Problem to solve - Your task is to write out the entire listing exactly, omitting its pictures.

Recorded information -
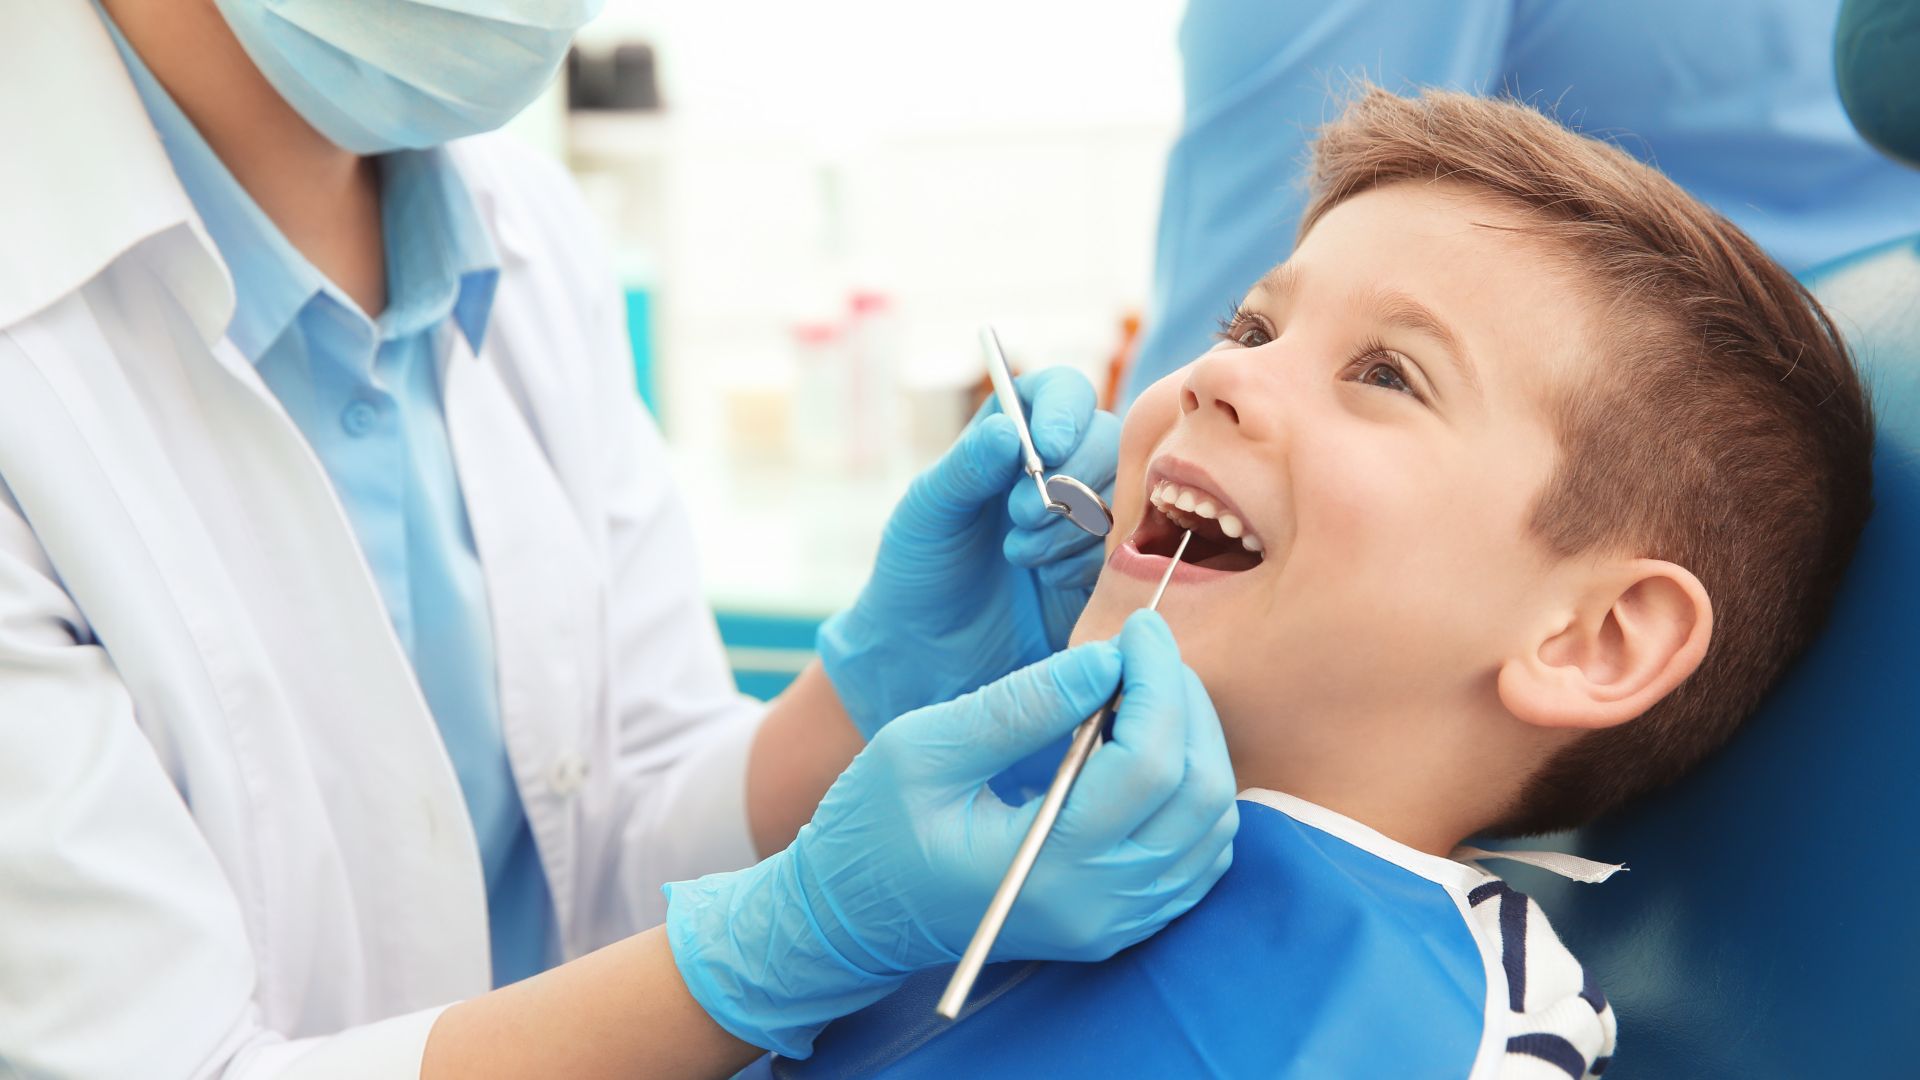 Dentist Checking Boy's Teeth Before Removal
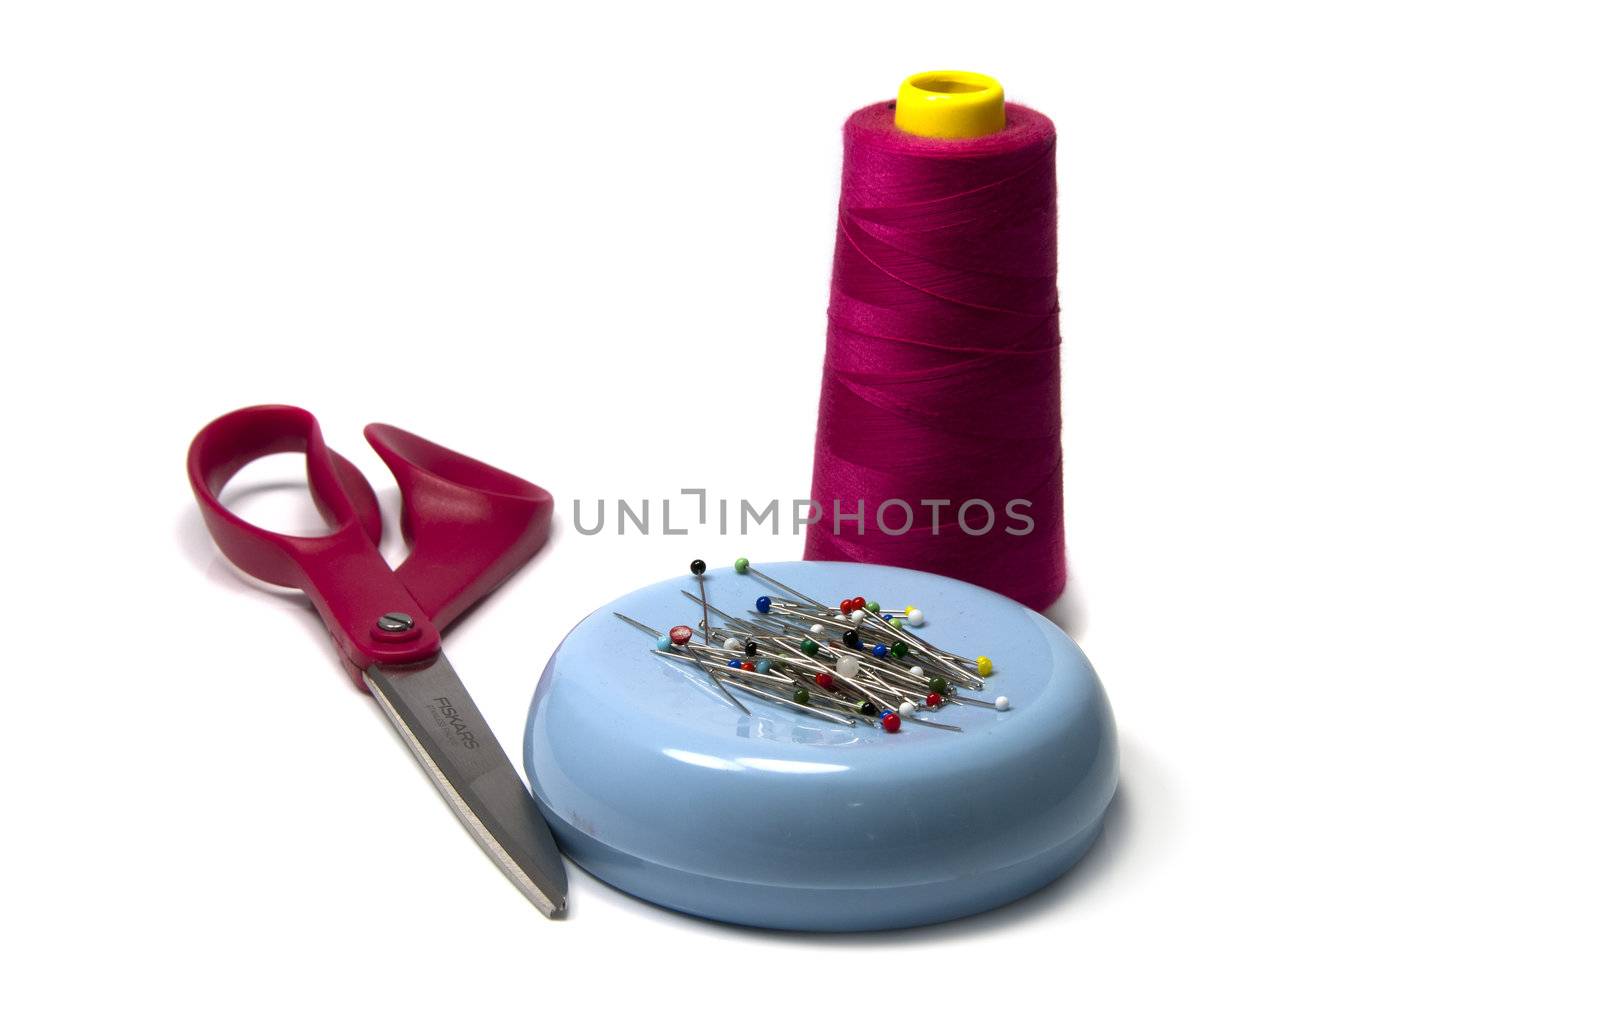 sewing material with siccors and needles by compuinfoto
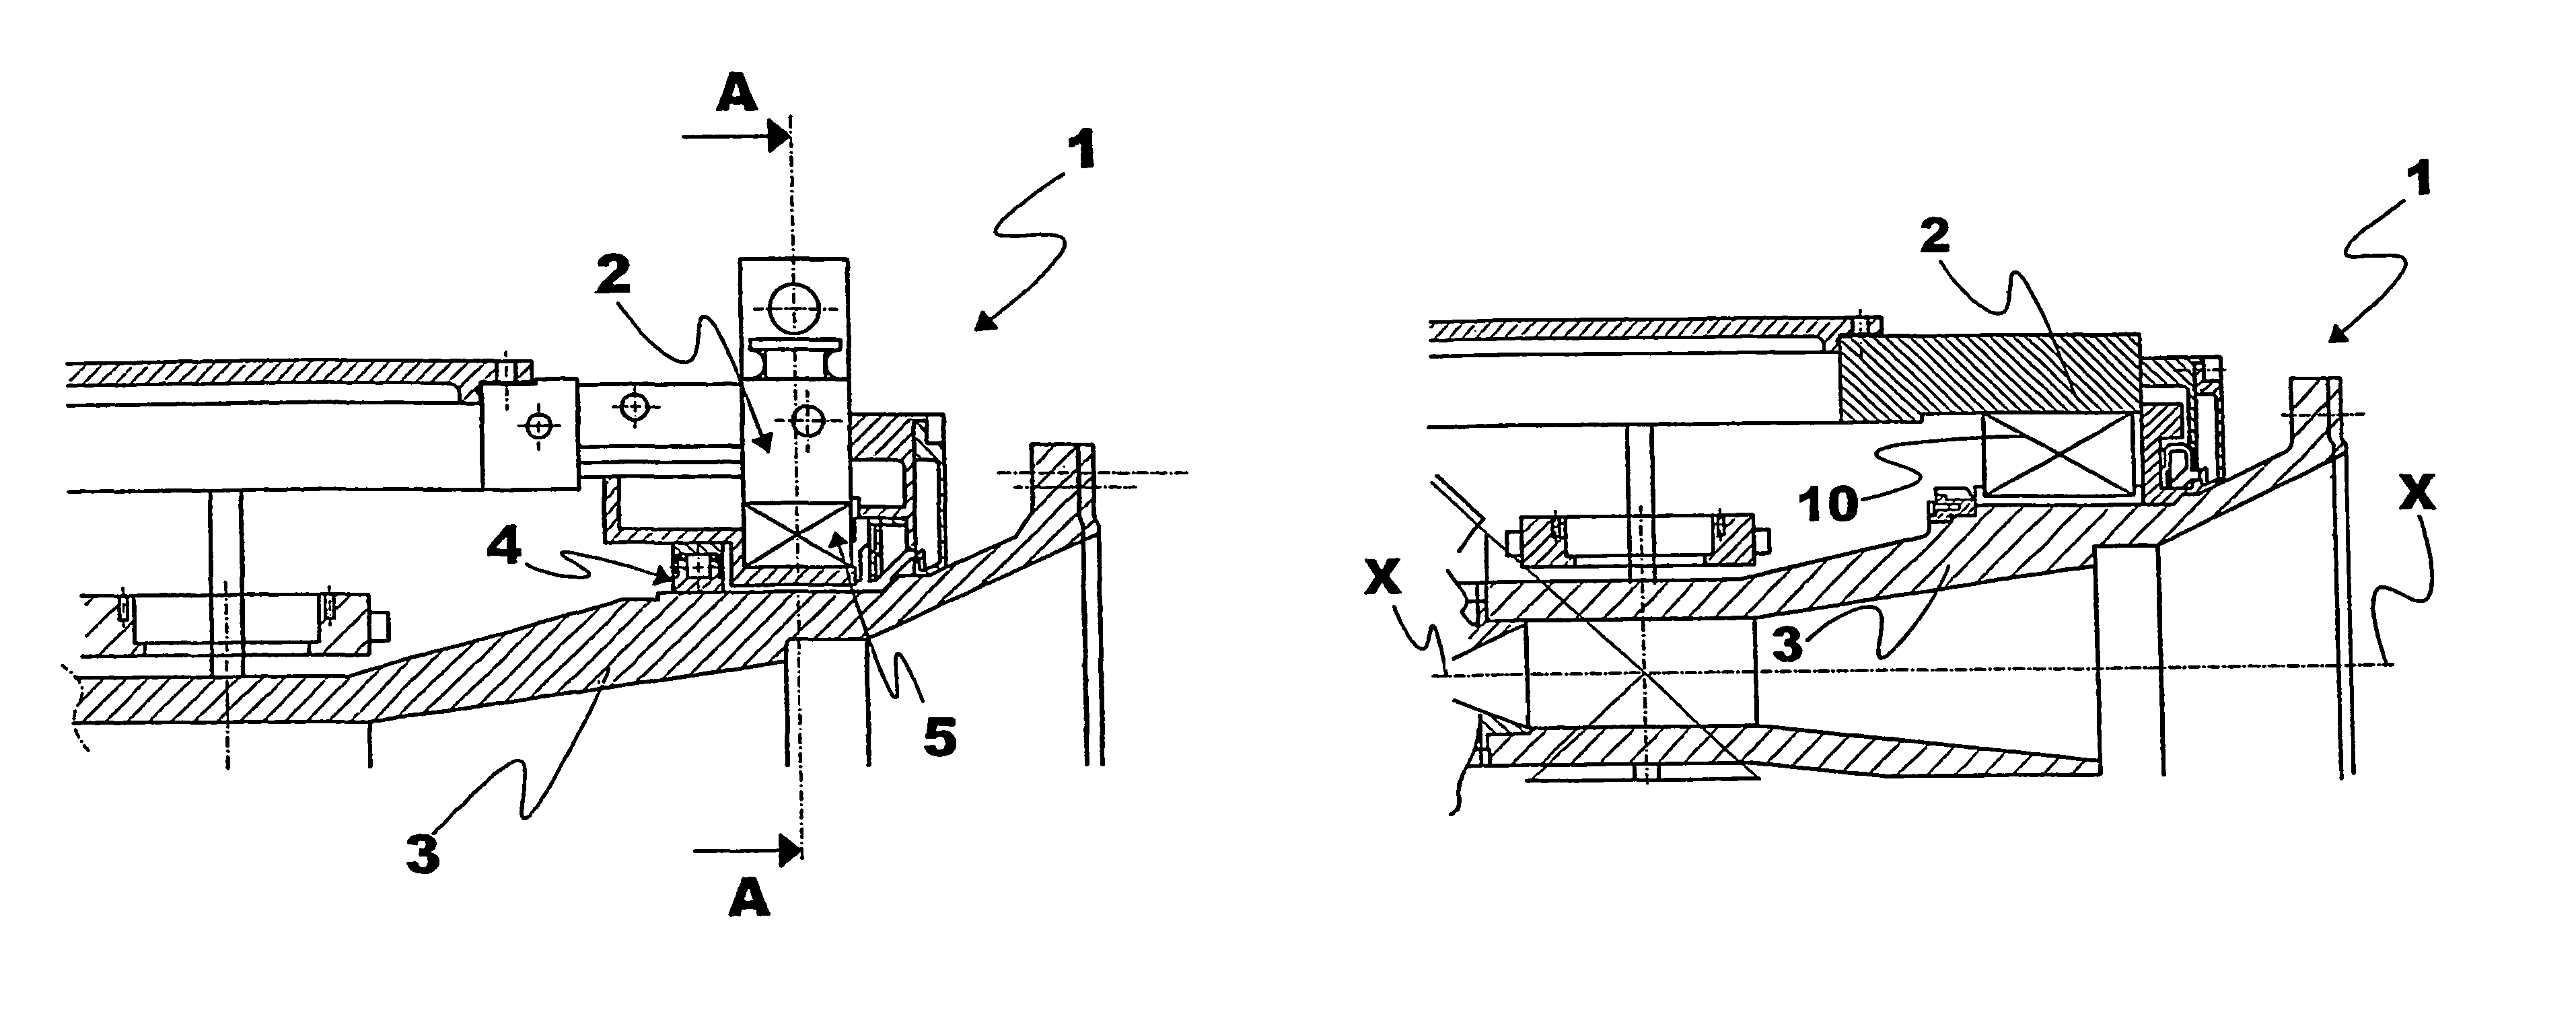 Laying head with a vibration damping device

Response area -
 Dentist Checking Boy's Teeth Before Removal
 sewing material with siccors and needles by compuinfoto
 Laying head with a vibration damping device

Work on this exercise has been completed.